Mais, selon une jurisprudence constante, il appartient à l’opposant de prouver le caractère infondé de la créance réclamée par voie de contrainte.
Par ailleurs, la minoration de la créance entre la mise en demeure préalable (qui en l’espèce réclame une somme de 149.636 euros et a été présentée à l’intéressé qui ne l’a pas retirée) et la contrainte (qui réclame un montant ramené à 13.072 euros après prise en compte de déductions d’un montant total de 136.564 euros), puis le cas échéant durant l’instance, n’est pas de nature en soi à invalider la contrainte qui demeure valide pour le montant réduit dès lors que son caractère infondé n’est pas prouvé.

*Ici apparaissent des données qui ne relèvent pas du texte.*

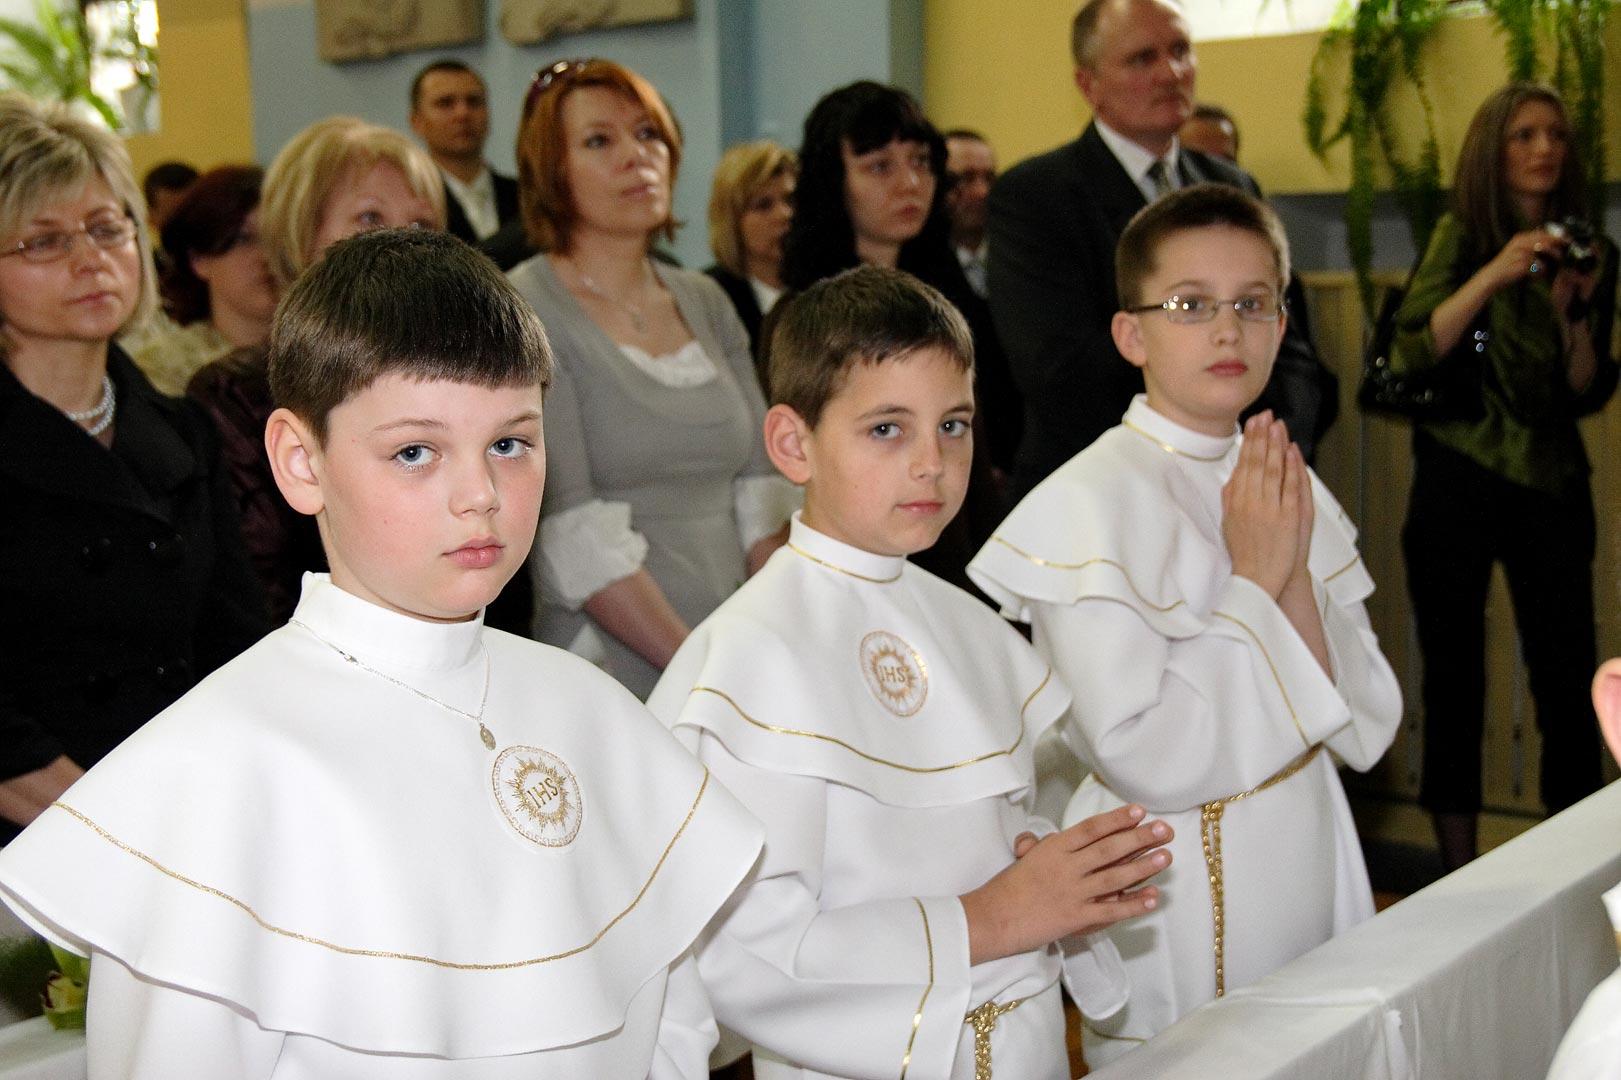 015-communion

Or, l’opposant ne prouve pas le caractère infondé de la créance de l’URSSAF [4], ramenée à 6.312 euros dans le cadre de la présente instance, par suite du calcul des cotisations sur le revenu réel de 2023, conformément aux prévisions de l’article L. 131-6-2 du code de la sécurité sociale.
Dans ces conditions, la contrainte sera validée pour son montant réduit de 6.312 euros.
Enfin, l’opposant succombant, il sera condamné aux dépens de l’instance, incluant les frais de signification de la contrainte en application de l’article R. 133-6 du code de la sécurité sociale.
La solution apportée au litige commande de ne pas faire application des dispositions de l’article 700 du code de procédure civile.
PAR CES MOTIFS :
Le tribunal judiciaire de Saint-Denis de la Réunion, statuant publiquement, par jugement contradictoire et rendu en premier ressort,
REJETTE la fin de non-recevoir tiré de la forclusion de l’opposition ;
DECLARE en conséquence Monsieur [U] [C] recevable en son opposition à la contrainte émise le 6 février 2024 et signifiée le 7 mars 2024 par l’URSSAF [4] pour le recouvrement de la somme de 13.072 euros au titre des cotisations et contributions sociales personnelles du travailleur indépendant, et majorations de retard, du 3ème trimestre 2023 ;
REJETTE la demande d’annulation de la contrainte ;
CONDAMNE Monsieur [U] [C] à payer à l’URSSAF [4] la somme de 6.312 EUROS ; outre la somme de 89,30 EUROS au titre des frais de signification de la contrainte ;
DIT n’y avoir lieu à application des dispositions de l’article 700 du code de procédure civile ;
CONDAMNE Monsieur [U] [C] aux dépens de l’instance ;
RAPPELLE que l’exécution provisoire est de droit.
Ainsi jugé et prononcé par mise à disposition du jugement au greffe du pôle social du tribunal judiciaire de Saint-Denis de La Réunion, le 5 novembre 2025, les parties en ayant été préalablement avisées dans les conditions prévues au deuxième alinéa de l’article 450 du code de procédure civile, la minute étant signée par la présidente et la greffière.